In connection with this definition, the Court emphasises several principles emerging from HK Danmark and Z (Case C-363/12):

  • The term ‘disability’ encompasses ‘not only the impossibility of exercising a professional activity, but also a hindrance to the exercise of such an activity’ (Kaltoft, para 54; Z, para 77).
  • ‘Disability’ is an objective concept in that the focus is not on the origin of the disability, but rather on the limitating effects of the condition at stake (Kaltoft, paras 55-56; HK Danmark, para 40). On this point, the Court did not endorse AG Jääskinen’s Opinion, which seemed to suggest that employers are ‘entitled’ to expect obese employees to take active steps to mitigate that condition (AG Opinion, paras 58-59).
  • However, the analysis of whether a person is disabled is subjective because it concerns the specific obstacles that the precise person faces to perform a particular work (Kaltoft, paras 59-60; HK Danmark, para 41; see similarly and more explicitly AG Opinion, para 44).
  • Accommodation measures are not a ‘constituent element’ of the concept of disability (Kaltoft, para 57; HK Danmark, paras 45-46 ).

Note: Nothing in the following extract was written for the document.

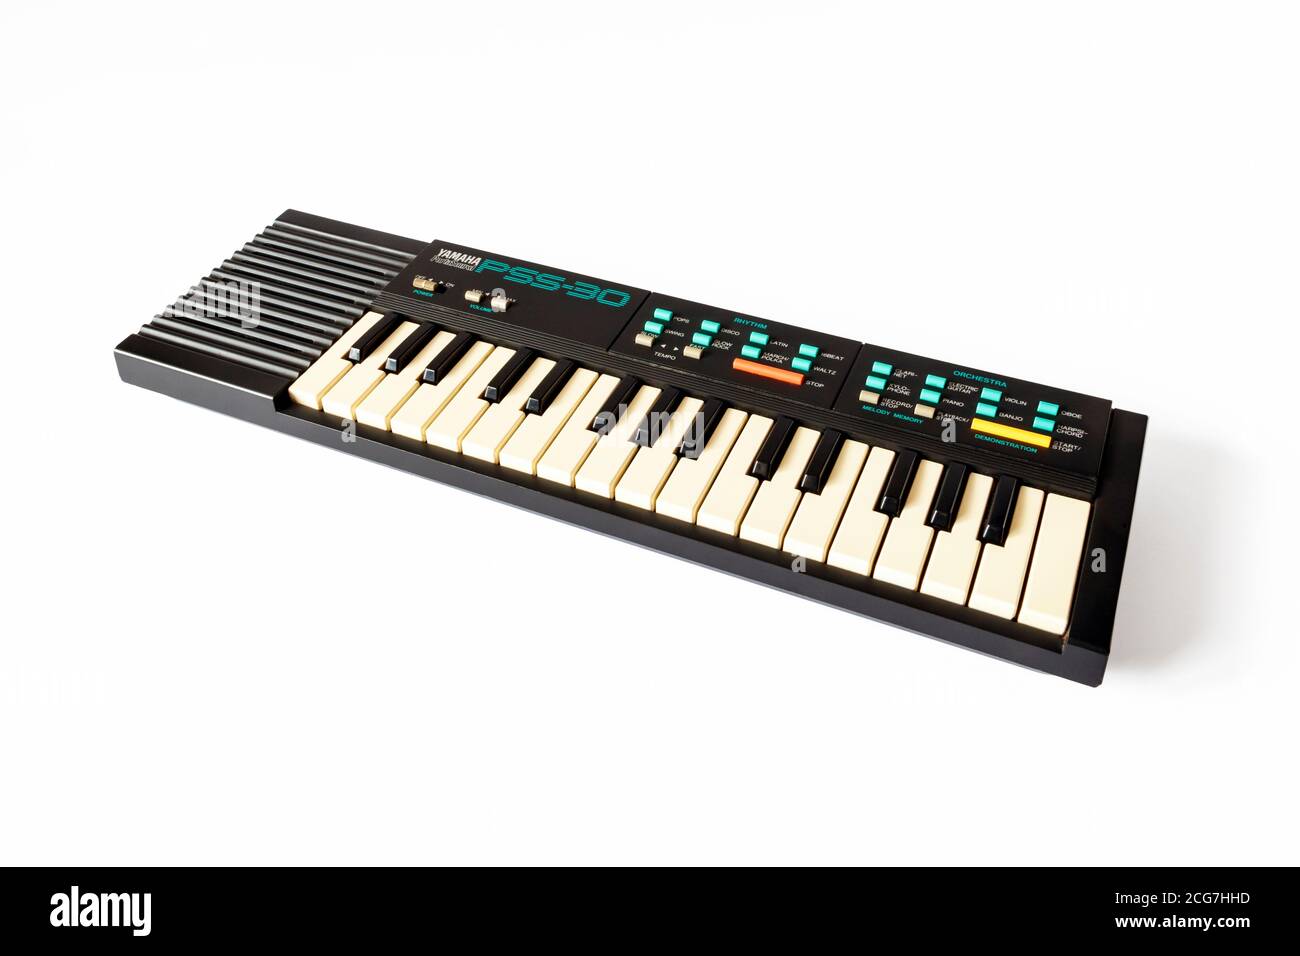 Un mini clavier musical électronique Yamaha PortaSound PSS-30 des années 80 isolé sur un fond blanc Banque D'Images

On this basis, the CJEU agrees with AG Jääskinen that, in some circumstances, obesity may hinder the full and effective participation of some persons in professional life on a long-term basis (e.g. if it leads to mobility problems), and in those cases, obesity discrimination can fall within the EU concept of ‘disability discrimination’. However, while AG Jääskinen suggested that ‘probably only’ morbid obesity will have such effects, the CJEU’s approach seems to encompass any type of obesity, provided the disability definition is met.


The relevance of this case lies in the recognition, for the first time in EU law, that differential treatment on the basis of obesity can, depending on its effects on a person’s ability to work, fall within the scope of disability discrimination. However, this conclusion simply results from the application of prior CJEU case law to the present case. As such, the Kaltoft ruling does not really change or extend the prior concept of disability discrimination. Nevertheless, it is a remarkable judgment because it reduces legal uncertainty in this area by making explicit that, under some circumstances, obesity discrimination in employment can be a breach of EU law. This may bear important consequences in some MS, where prior national decisions had ruled out that differential treatment on the basis of obesity could fall within the scope of disability discrimination (see e.g. the Spanish case STSJ Comunidad Valenciana de 9 de mayo de 2012, AS/2012/1843). On the other hand, the Kaltoft ruling will have a more limited impact in other jurisdictions, where courts had already recognised that possibility (see e.g. the UK case Walker v Sita Information Networking Computing [2013] UKEAT 0097_12_0802). So while this is not a revolutionary judgment, it is a welcome step forward to ensure consistency in the application of the EU concept of disability discrimination at national level.